Polymarket and Kalshi CEOs Bet Together, What Exactly is 5(c) Capital?
- Core Thesis: The newly established fund 5(c) Capital, which has received joint investment from the CEOs of prediction market rivals Polymarket and Kalshi, is not betting on any specific platform. Its core strategy is to invest in the shared infrastructure layer of prediction markets, aiming to drive industry institutionalization, compliance, and solve structural issues like insider trading.
- Key Elements:
- 5(c) Capital was founded by a former Kalshi employee and aims to raise approximately $35 million. It focuses on investing in 20 prediction market infrastructure companies, such as market makers, index designers, and trading tools.
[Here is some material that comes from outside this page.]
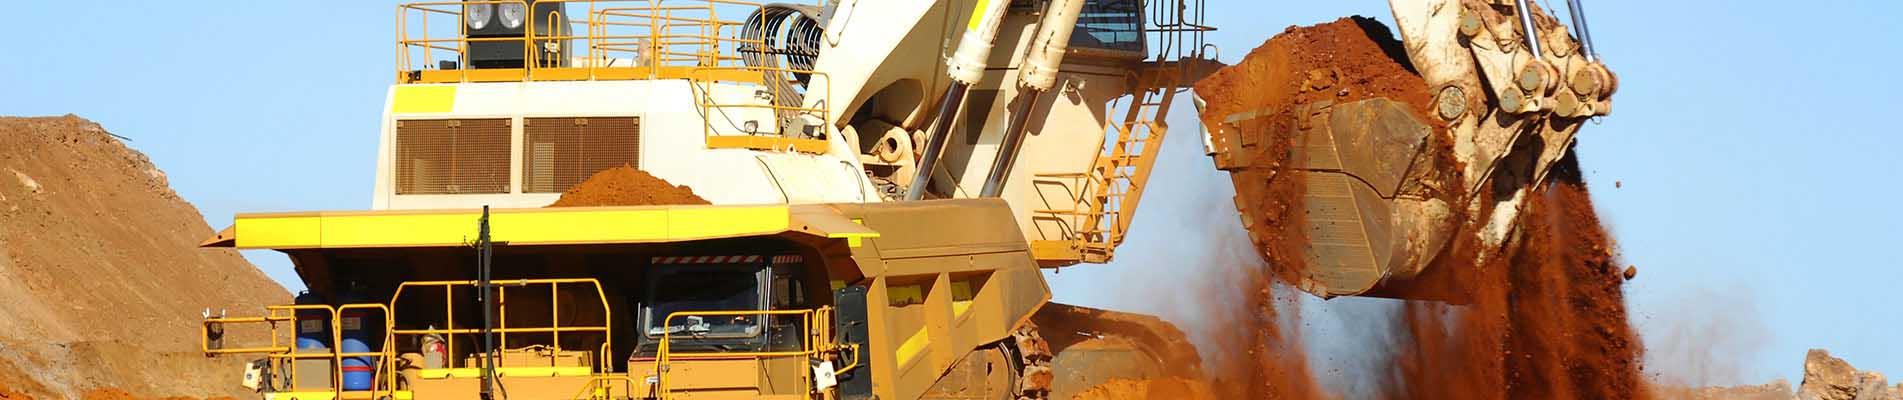 Coatings to increase lifetime of construction machines

- Prediction markets will form a three-tier monopoly: front-end platform monopoly (Polymarket vs Kalshi), liquidity monopoly (similar to Jane Street’s market-making network), and data monopoly (the Bloomberg of prediction markets).
- Insider trading is the “original sin” of prediction markets. Recent regulatory events include states like NY and CA banning government employees from trading on insider information, and Kalshi penalizing three candidates who placed bets on their own election markets.
- Tighter regulation will force the industry toward institutionalization, which actually benefits infrastructure companies providing identity verification, transaction monitoring, and risk & compliance tools—precisely the investment opportunity for 5(c).
- The joint investment in 5(c) by the CEOs of Polymarket and Kalshi is essentially an insurance policy for the market infrastructure (liquidity, data, compliance tools) that both sides will need in the future, rather than supporting a competitor.
Original Author: Anita AGI/acc (X: @Anitahityou)
When Archenemies Bet Together: The Real Signal Behind 5(c) Capital
On Wall Street, there's a classic signal: when competitors start betting on the same infrastructure, the industry has moved to the next stage.
That's where prediction markets are now.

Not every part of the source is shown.